Examples

Simplest Possible Example

This examples contains a detailed explanation of the simplest possible example. Many of the following examples will build of this one.

from cinfdata import Cinfdata
cinfdb = Cinfdata('stm312')
data = cinfdb.get_data(6688)
metadata = cinfdb.get_metadata(6688)
  • Line 1 imports the cinfdata module. For this to be possible, it must be in your Python path (which is the list of folders that Python can import from). The simplest way to do that is to simple drop the cinfdata.py file in the same folder as your data treatment script.

  • Line 2 makes a Cinfdata database client object, abbreviated cinfdb[1]. The only mandatory argument to the Cinfdata class is the codename of the setup in this case ‘stm312’.

  • Line 3 fetches the data …

    array([[  1.56250000e-02,   2.09650000e-13],
           [  3.12500000e-02,   1.86725000e-13],
           [  4.68750000e-02,   1.58958000e-13],
           ...,
           [  9.99687500e+01,   7.48633000e-14],
           [  9.99843750e+01,   6.37814000e-14],
           [  1.00000000e+02,   7.38152000e-14]])
    
  • Line 4 fetches the metadata as a dictionary …

    {'Comment': 'Chamber background,P=9.7E-11torr', 'pass_energy': None, 'pre_wait_time': None,
     'timestep': None, 'year': None, 'file_name': None, 'preamp_range': 0, 'project': None,
     'number_of_scans': None, 'mass_label': 'Mass Scan', 'actual_mass': None,
     'SEM_voltage': 2200.0, u'unixtime': 1418807588L,
     'time': datetime.datetime(2014, 12, 17, 10, 13, 8), 'excitation_energy': None, 'type': 4L,
     'id': 6688L, 'name': None}
    

Simple Example with Plot

Code

To make a plot that uses e.g. the comment fielde of the metadata as the title, Simplest Possible Example can be expanded into:

from cinfdata import Cinfdata
from matplotlib import pyplot as plt

db = Cinfdata('stm312')
spectrum = db.get_data(6688)
metadata = db.get_metadata(6688)

plt.plot(spectrum[:, 0], spectrum[:, 1])
plt.title(metadata['Comment'])
plt.show()

Note

The data comes out the same way in would if it was fetched directly from the database i.e. with x and y being two columns in a numpy array, so they are retrieved individually with the [:, 0] syntax

Simple Example Using the Cache

Code

To enable caching of the database results (which is disabled by default) simply instantiate the Cinfdata object with use_caching=True:

from cinfdata import Cinfdata

db = Cinfdata('stm312', use_caching=True)
spectrum = db.get_data(6688)
metadata = db.get_metadata(6688)

Except from the instantiation argument, the usage is exactly the same. If the folder of the cinfdata.py file, there will now be a cache folder with the following content:

cache
└── stm312
    ├── data
    │   └── 6688.npy
    └── infoitem.pickle

A folder for each of the setups being used (stm312 in this case). Under that, there is the data folder, that contains one file (named meaurement_id.npy[2]) for each data set and there is the infoitem.pickle ([#pickle]) that contains all the metadata.

Important

Due to the use of native data saving functionality and the use of pickle, the cache cannot be used across different operating systems or Pythons versions. Only use on one machine and one Python version. If you need to switch machines or Python version you shoule reset the cache.

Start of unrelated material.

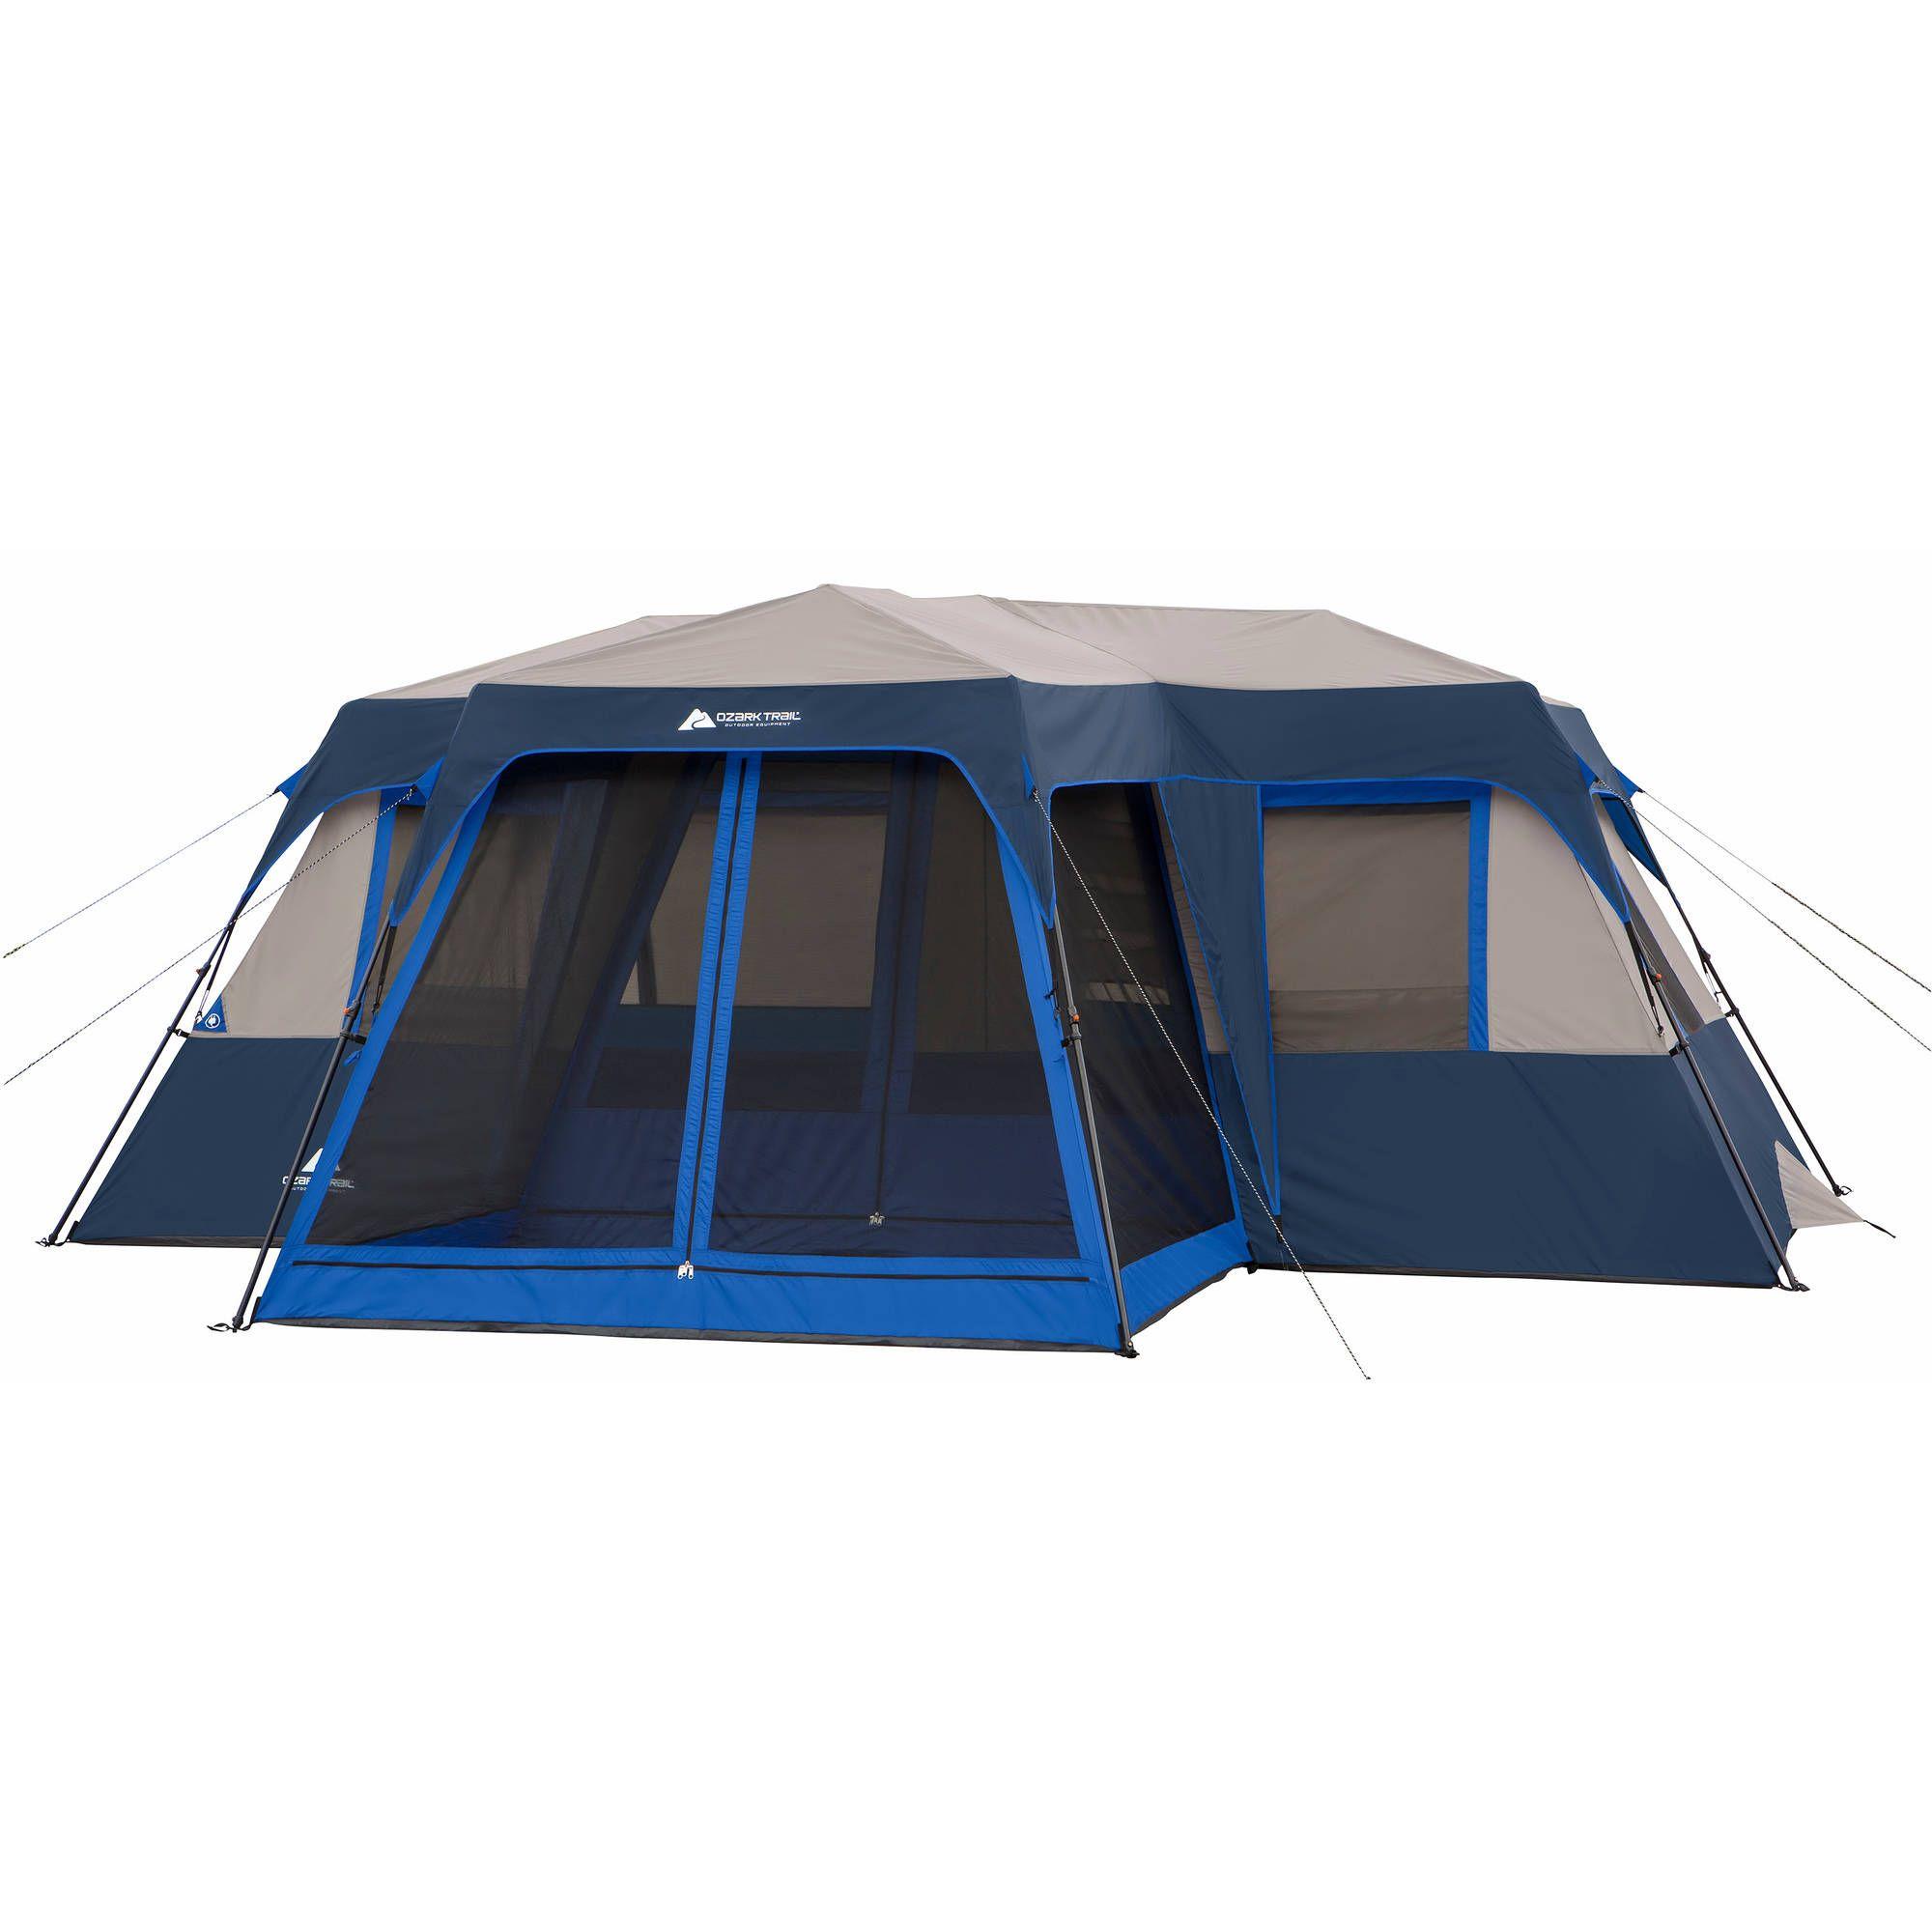 Ozark Trail 12 Person 2 Room Instant Cabin Tent with Screen Room - Walmart.com  sc 1 st  Pinterest & Ozark Trail 12 Person 2 Room Instant Cabin Tent with Screen Room ...

To reset the cache simply delete the cache folder.

Footnotes

[1]In general, Python users are encouraged to make descriptive variable names, which often means that they should be written fully out to make the code easier to read. However, it is “allowed” to make a few very short variables, if they are used extremely often (like it is often done with Numpy as np, Pyplot as plt etc.). Besides, cinfdb, is close to readable, ‘db’ is a common abbreaviation for database and all readers should know what Cinf is.
[2]npy is numpys own save format for arrays. It it very efficient because it contains just a small header, that contains the array dimensions and the data type and then just the raw bytes that describes the numbers.
[3]pickle is Python serialization format for serialization of (almost) arbitrary arguments. The format is not guarantied to be preserved across Python version, which is one of the reasons that the cache should not be used across Python versions.